-- Recorded information follows --

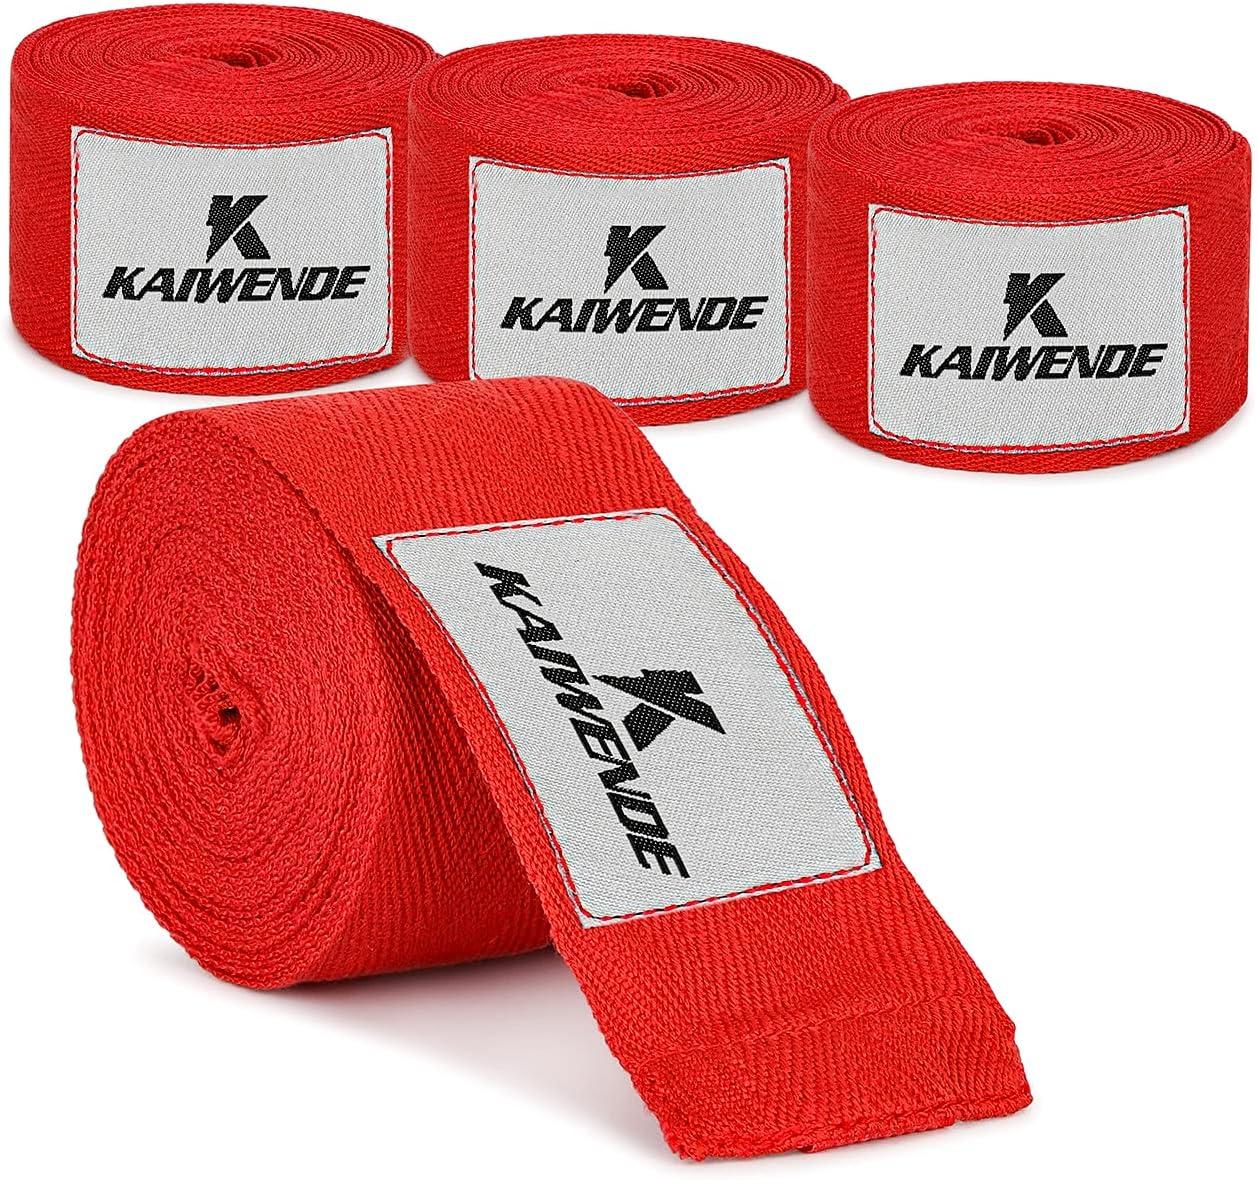 Discount mail order San Jose Mall KAIWENDE 2 Pair 4 Wraps-2''x200' PCS Boxing Hand
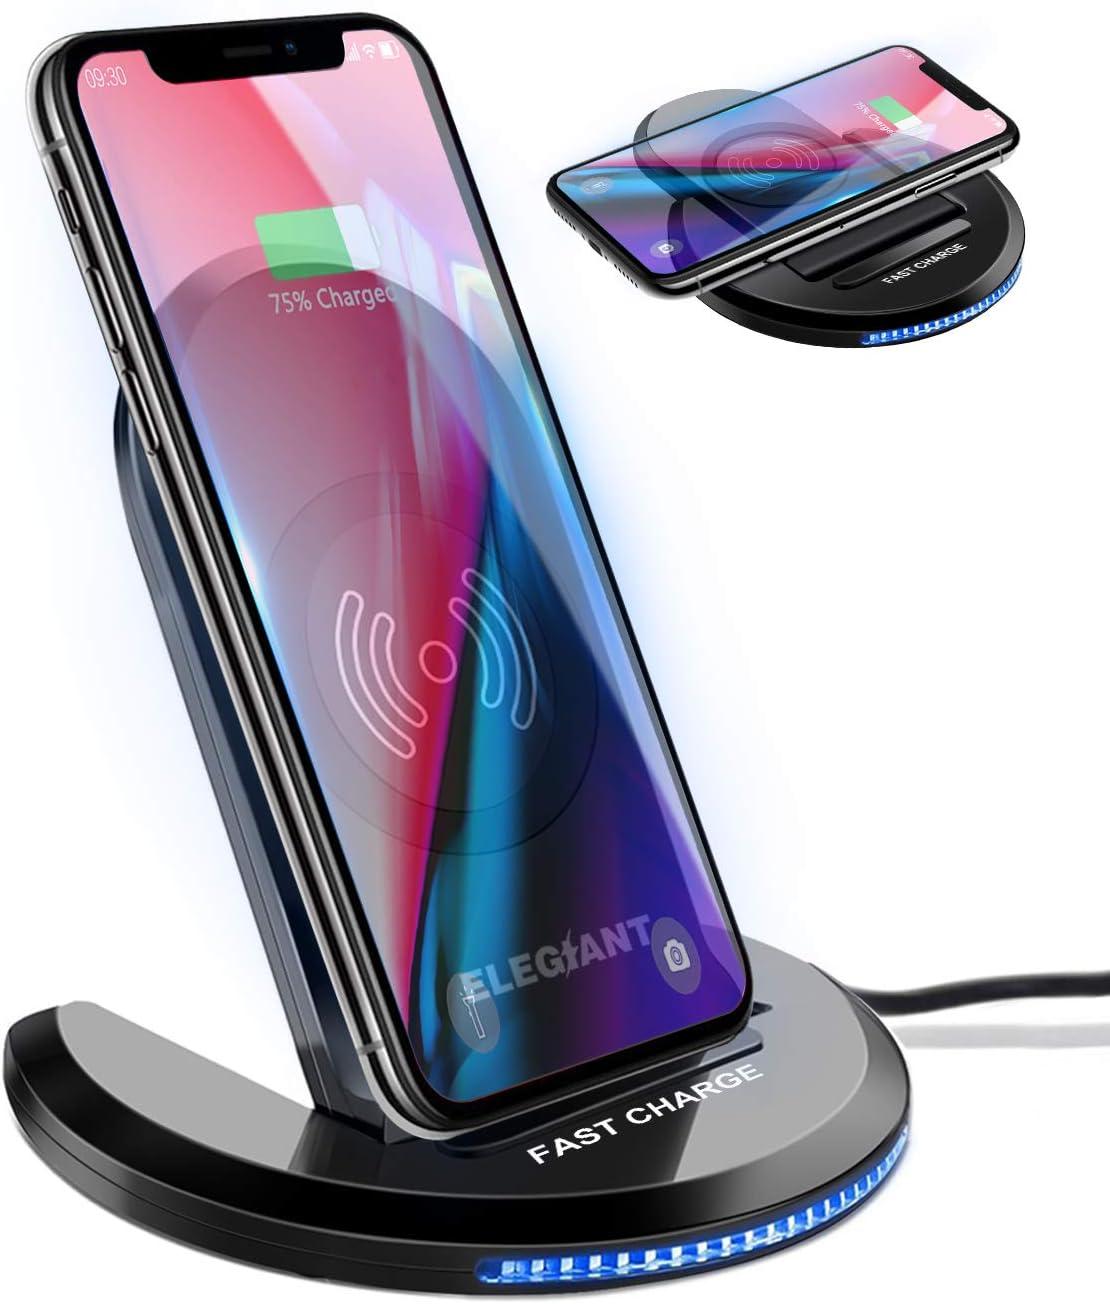 Cargador Inalámbrico, ELEGIANT Cargador Rápido Qi 10W para IOS Android Samsung Galaxy Note 20/Note 10/Note 9, S20/S10/S9, Estación Manos Libres de Ángulo Ajustable con Indicador LED Inteligente
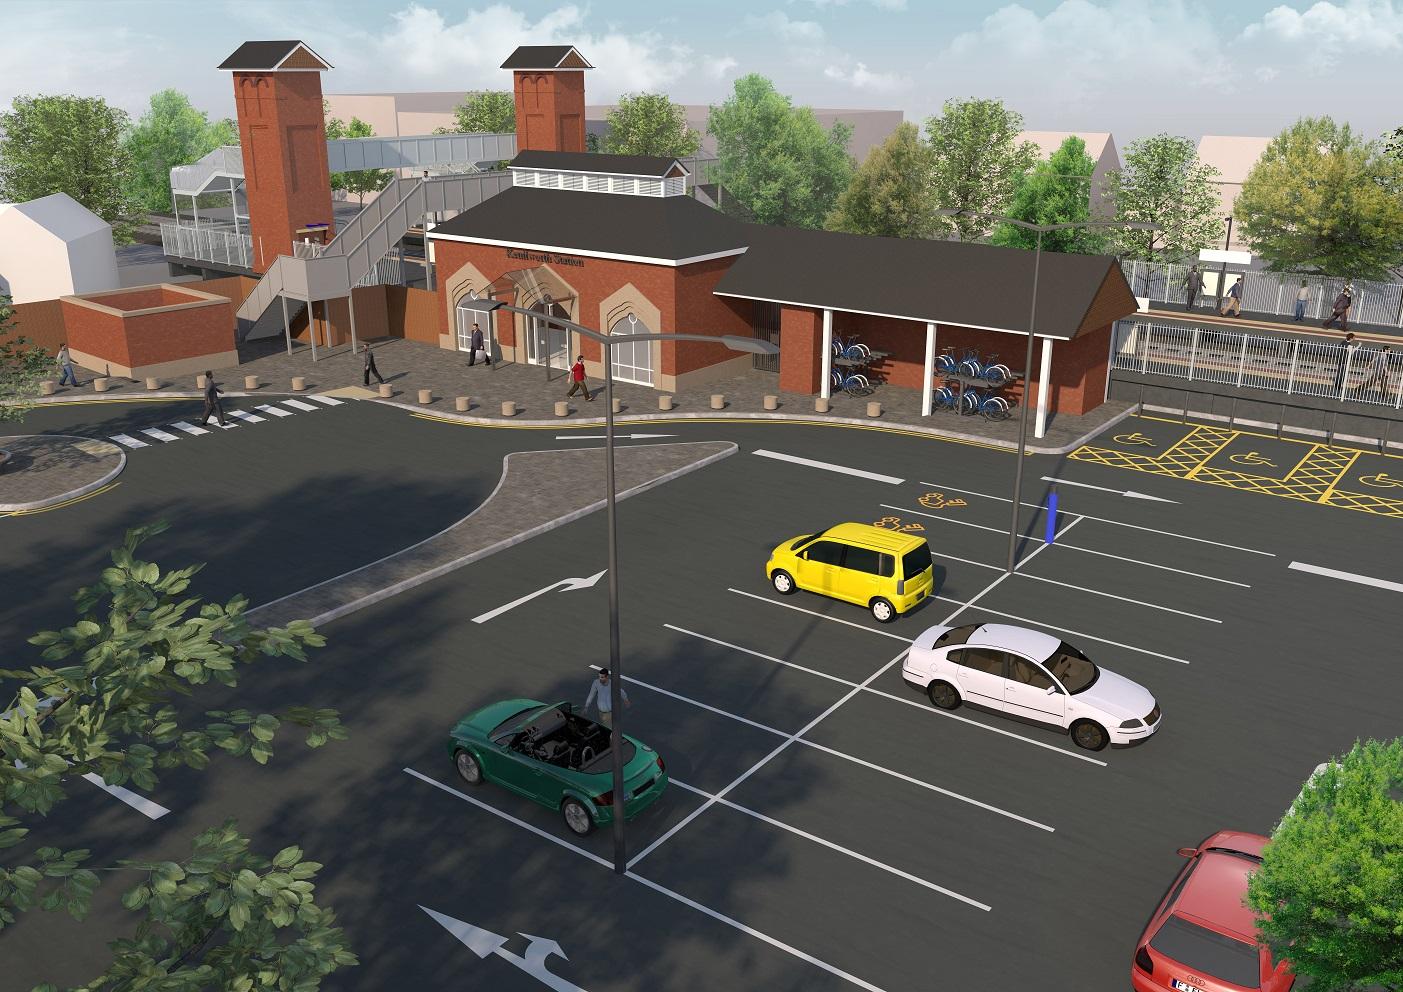 Kenilworth Station concept design

-- Recorded information concluded --

### Activity
Set down the material above as is, without any pictures.

### Answer area
 Discount mail order San Jose Mall KAIWENDE 2 Pair 4 Wraps-2''x200' PCS Boxing Hand
 Cargador Inalámbrico, ELEGIANT Cargador Rápido Qi 10W para IOS Android Samsung Galaxy Note 20/Note 10/Note 9, S20/S10/S9, Estación Manos Libres de Ángulo Ajustable con Indicador LED Inteligente
 Kenilworth Station concept design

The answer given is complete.